This web server uses several data mining (machine learning) techniques that may not be familiar to most users. This help page aims to clarify these concepts and provide a step-by-step guide on how to use the web server.
This web server uses a classification algorithm to analyse the data. A classification algorithm builds a classification model from a set of training instances. For the purposes of this server, each training instance represents a gene, and it contains a class label indicating whether or not the gene is associated with a property of interest. In our case, the class variable is the user-defined label associated with a human gene (e.g.: a human gene is associated with some brain disease).

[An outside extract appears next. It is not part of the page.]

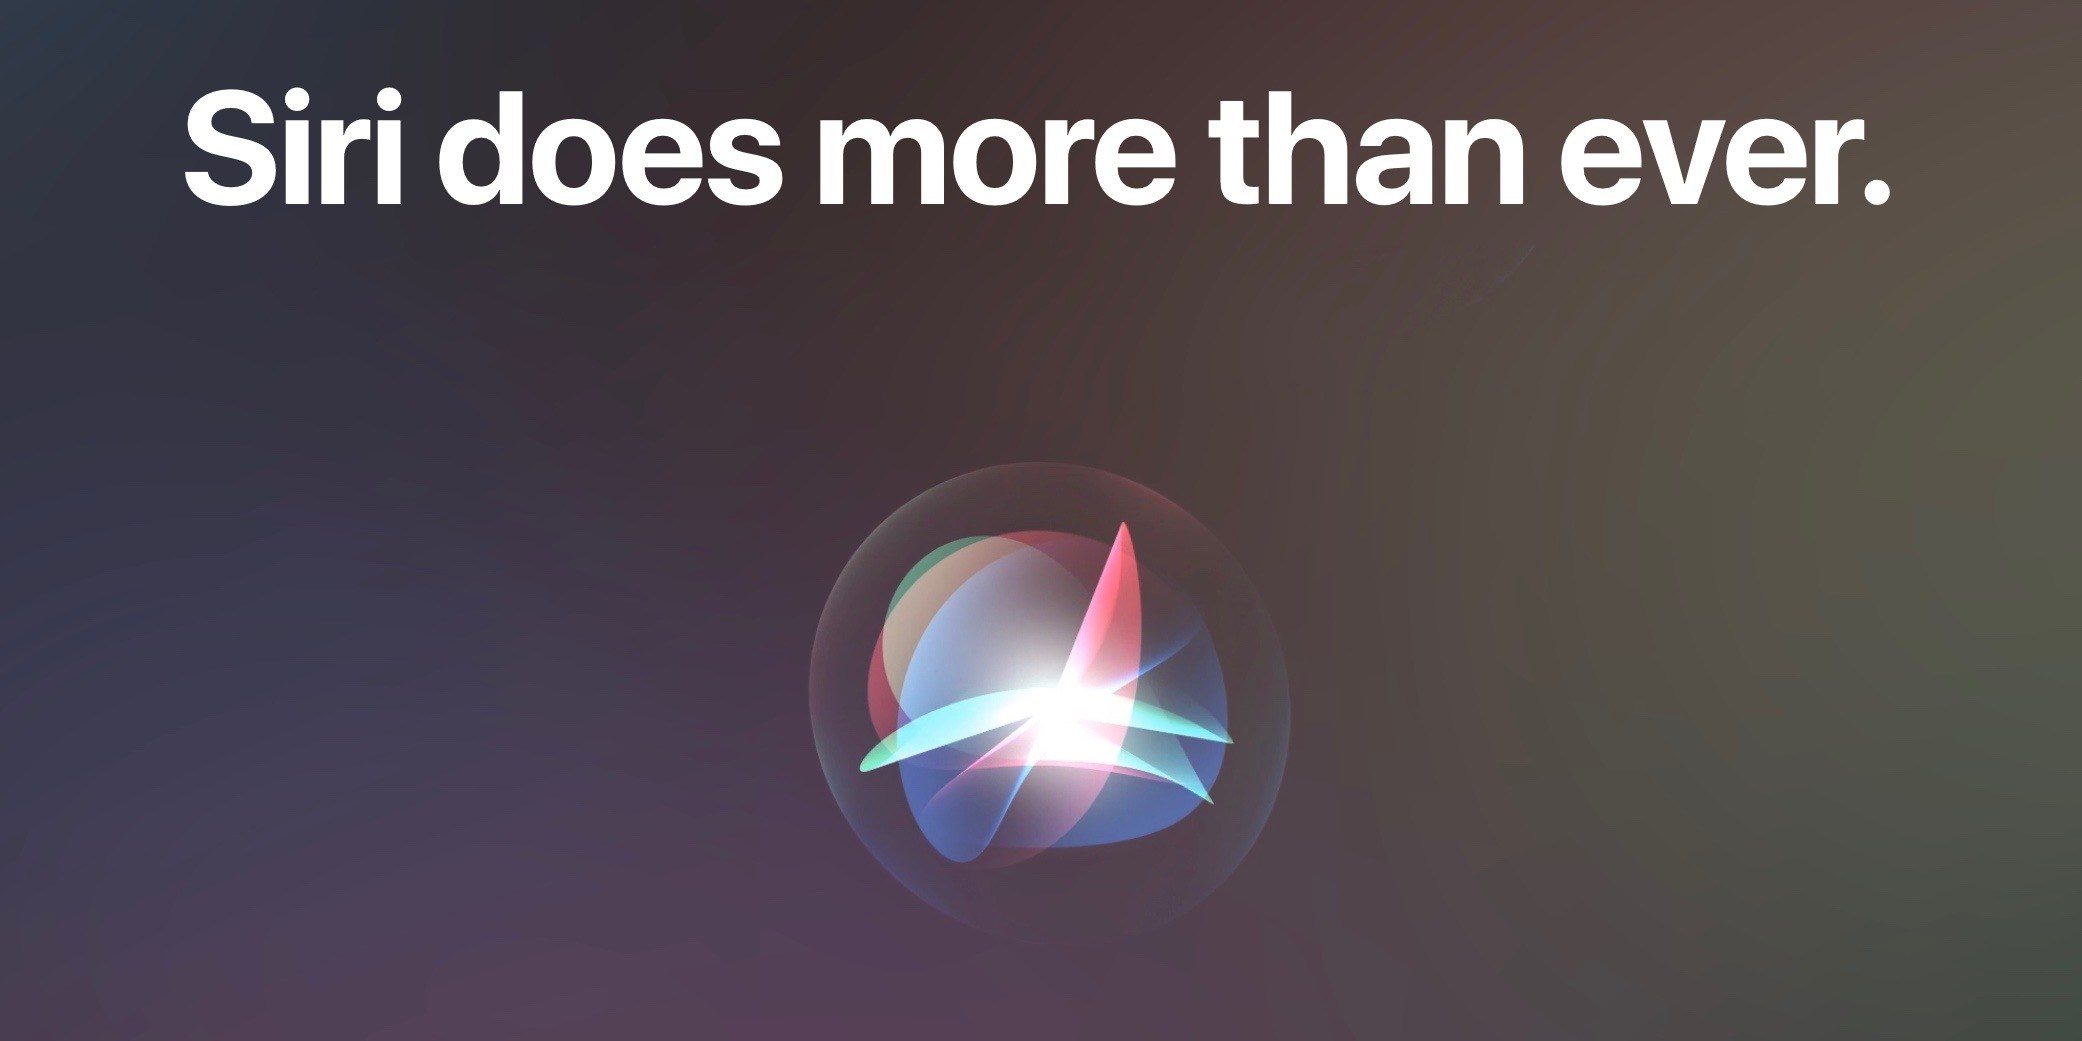 Siri's Human Interface Guidelines updated

The classification algorithm uses the set of training instances to build a classification model, which is capable of predicting the class label of instances with unknown class label. Note that this web server currently supports only human genes.

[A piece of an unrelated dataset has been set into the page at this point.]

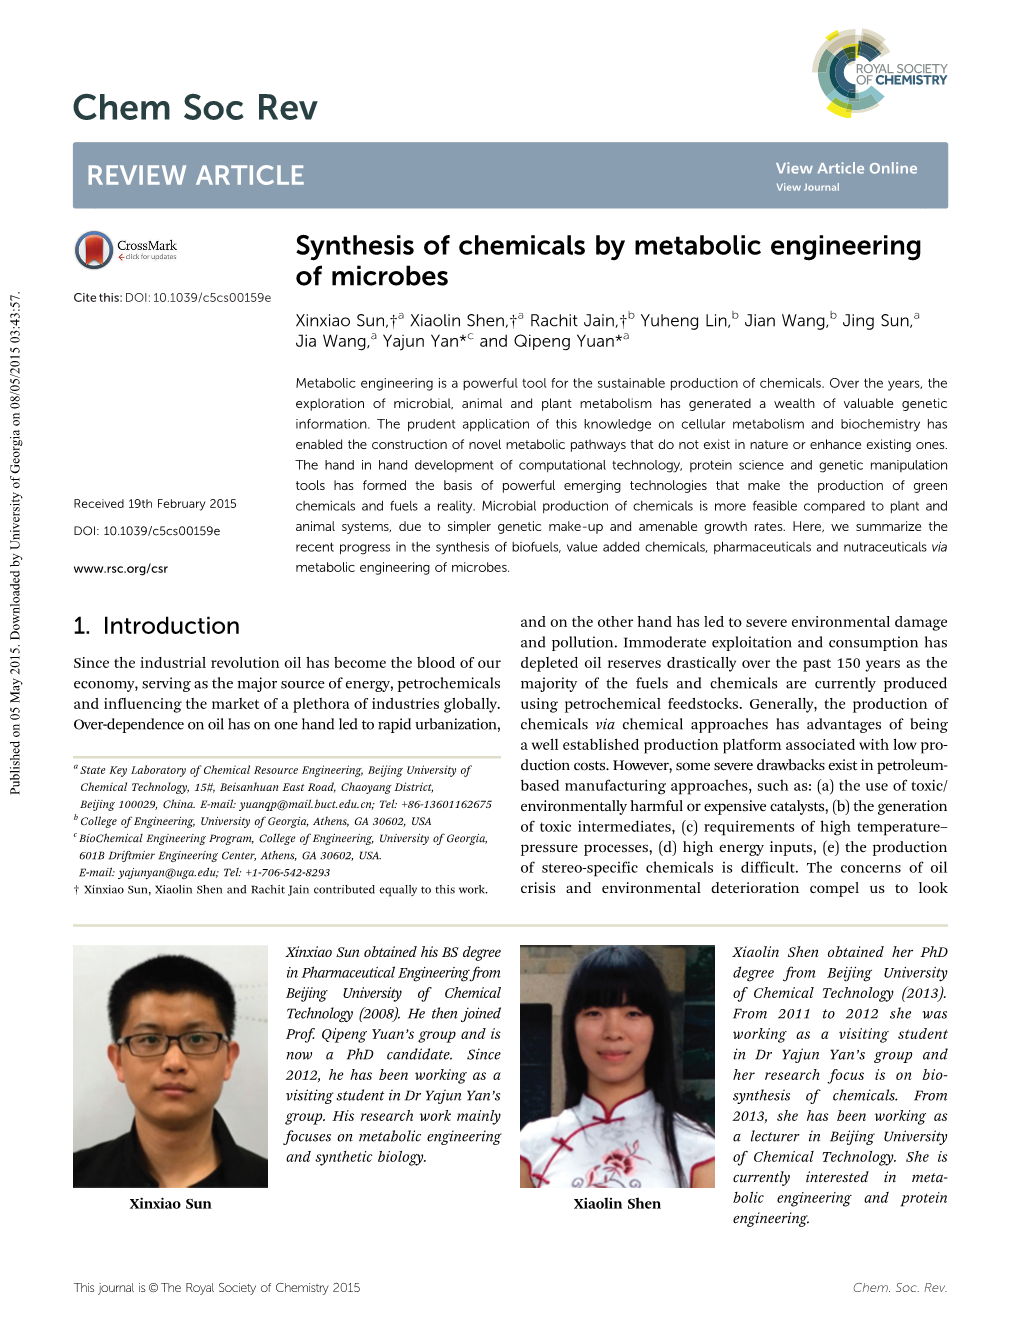 Synthesis of Chemicals by Metabolic Engineering of Microbes

Some classification models can be interpreted by the user, as it is the case of the Random Forest (RF) classification model used by this web server. Exploring this aspect of the RF model, we also present a set of predictive pruned if-then rules, extracted directly from the RF classification model to predict the user-defined class labels.
An RF is formed by combining the output of several Random Trees (RT), with each RT being built independently to maximise predictive performance. RTs use two sources of randomness, as discussed in our (future) paper. An RT is a type of decision tree, where each internal node contains a condition involving a feature and a constant (e.g.: Feature 1 > 0.1) and each directed edge represents the outcome of the condition for a given instance (gene). During the prediction phase, when an instance is presented to an internal node of the decision tree (starting with the root node, which contains no parents) the instances is passed to one of the children of the current node, depending on whether or not the condition in the current node is satisfied. This procedure is repeated until a leaf node is reached, where a prediction is made. Note that every prediction the RT makes can be "explained" by following the path the instance followed to reach a leaf node.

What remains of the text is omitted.